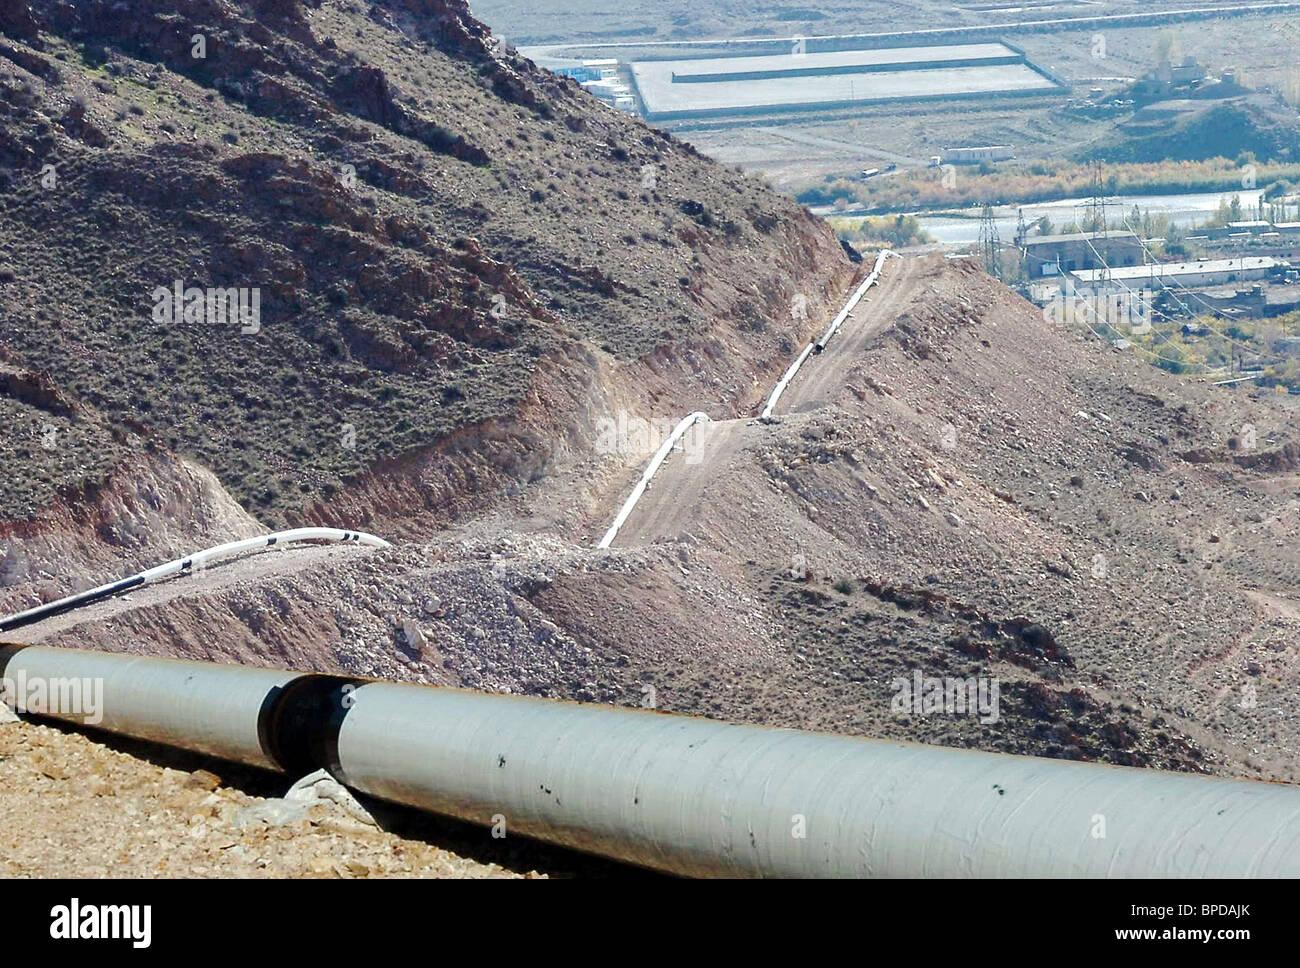 Iran-Armenia cross-border gas pipeline opens - Stock Image
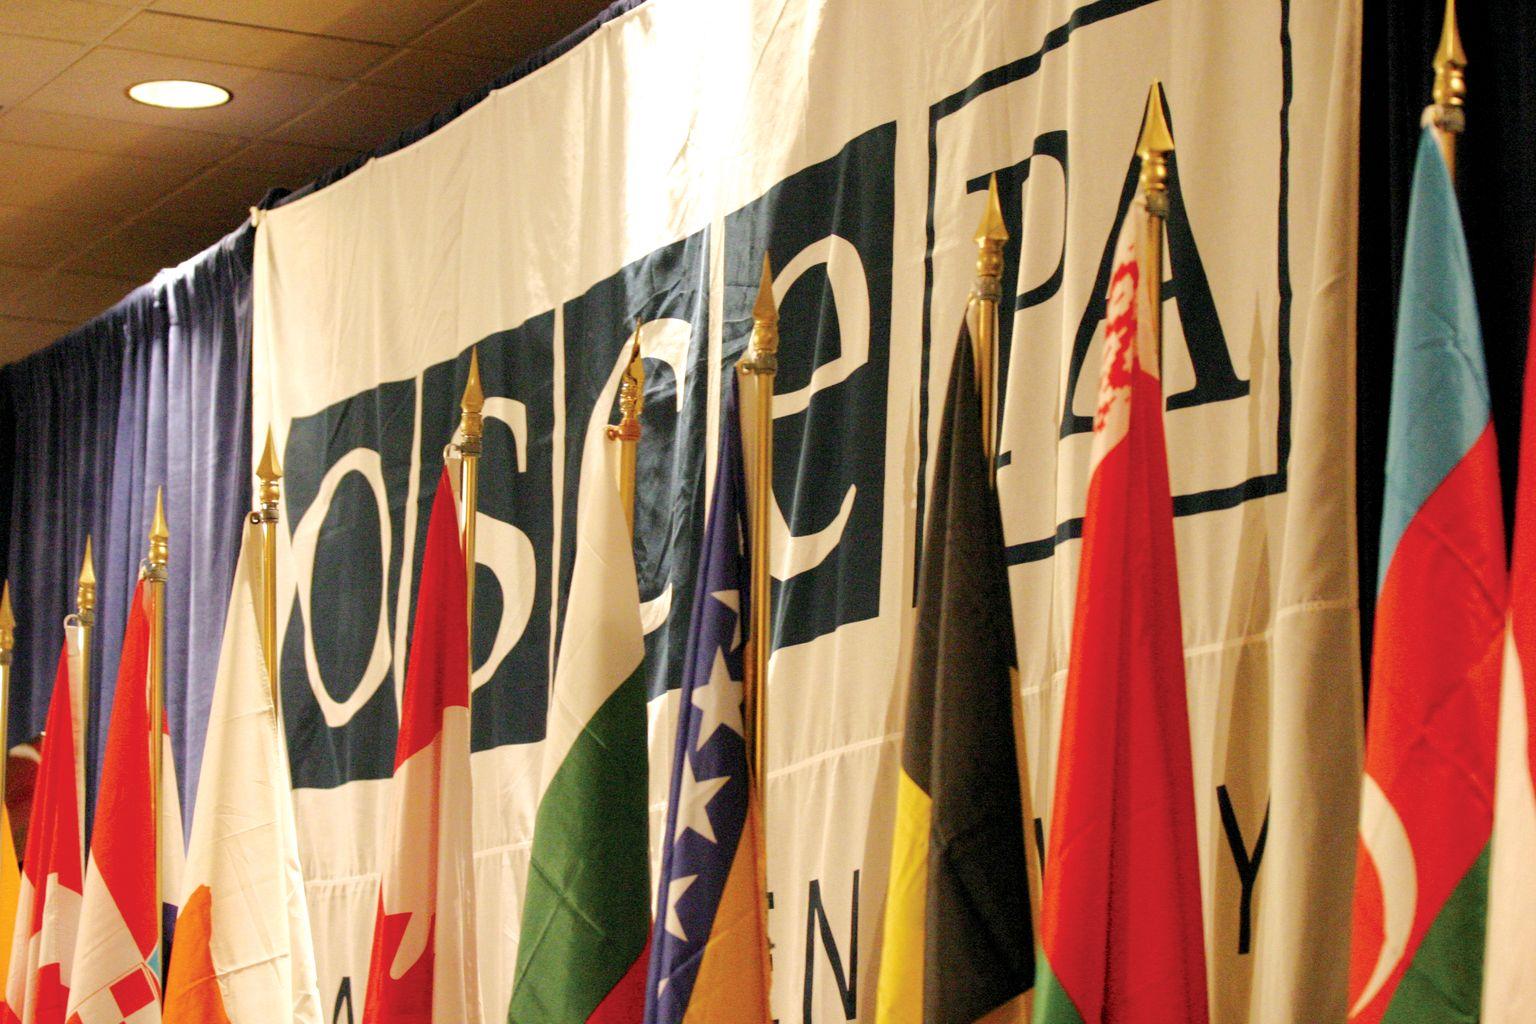 http://www.geopolintelligence.com/wp-content/uploads/2015/06/OSCE.jpg
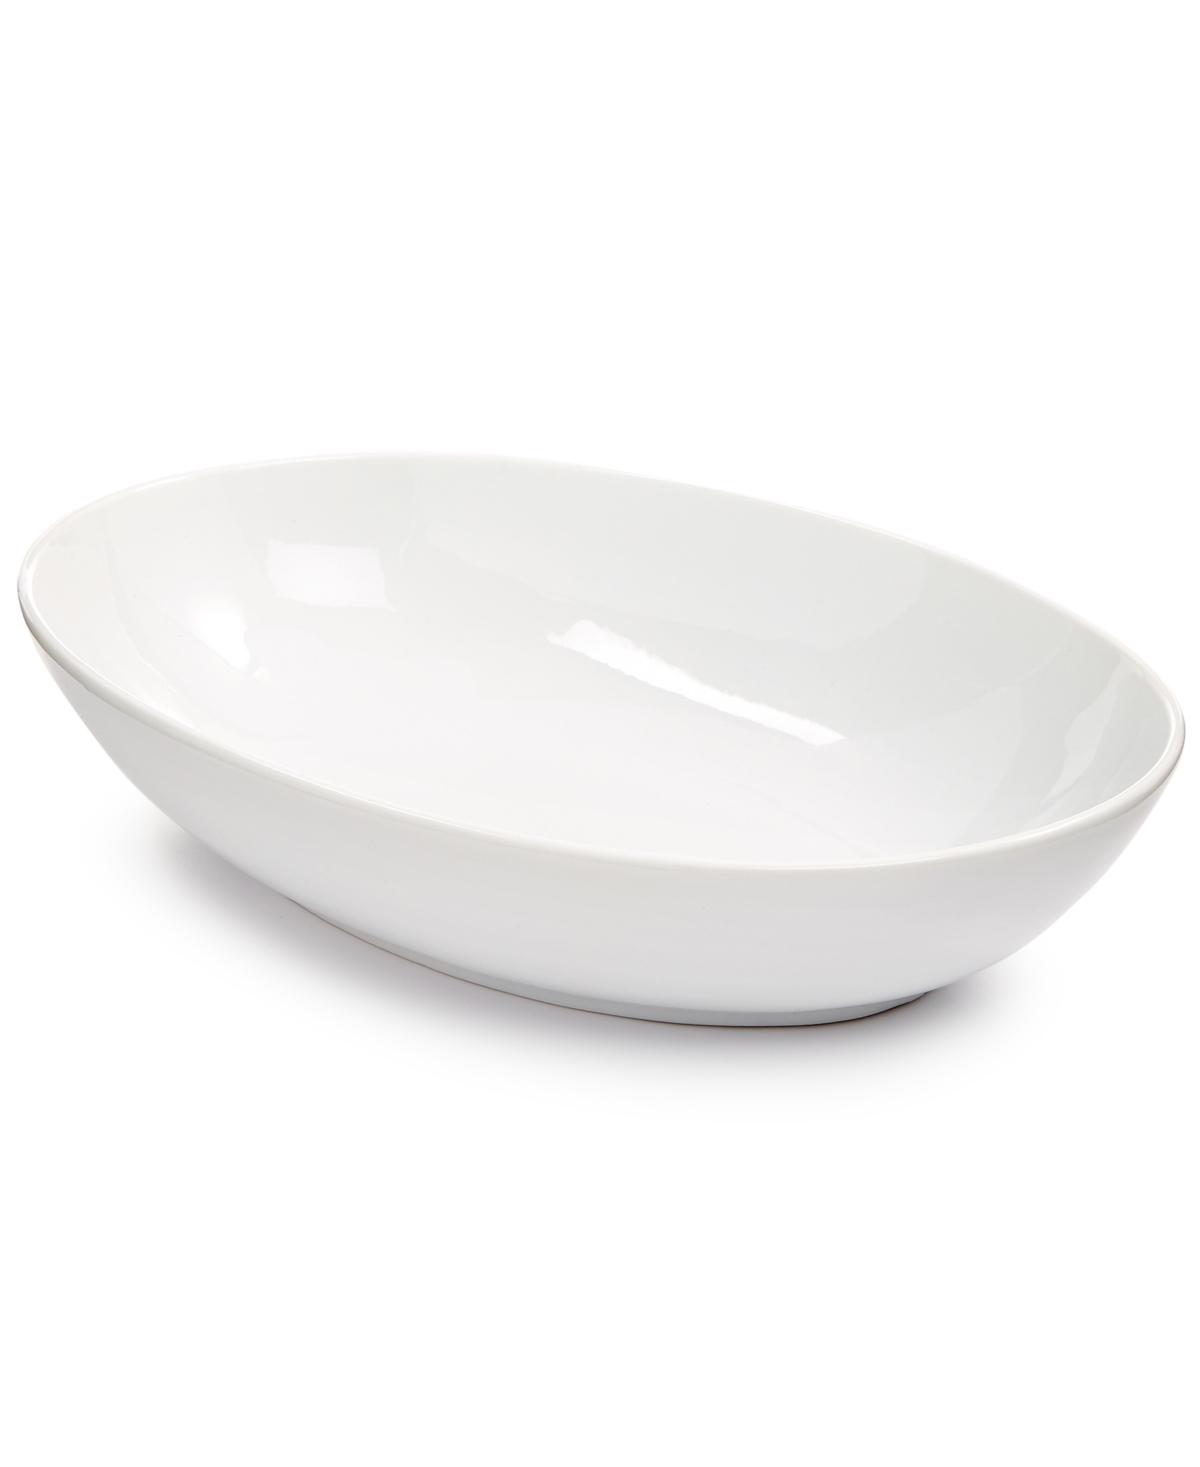 oval vegetable bowl

**What is needed:**
Could each line of the data be written out exactly, with no pictures included?

**Task response:**
 Iran-Armenia cross-border gas pipeline opens - Stock Image
 http://www.geopolintelligence.com/wp-content/uploads/2015/06/OSCE.jpg
 oval vegetable bowl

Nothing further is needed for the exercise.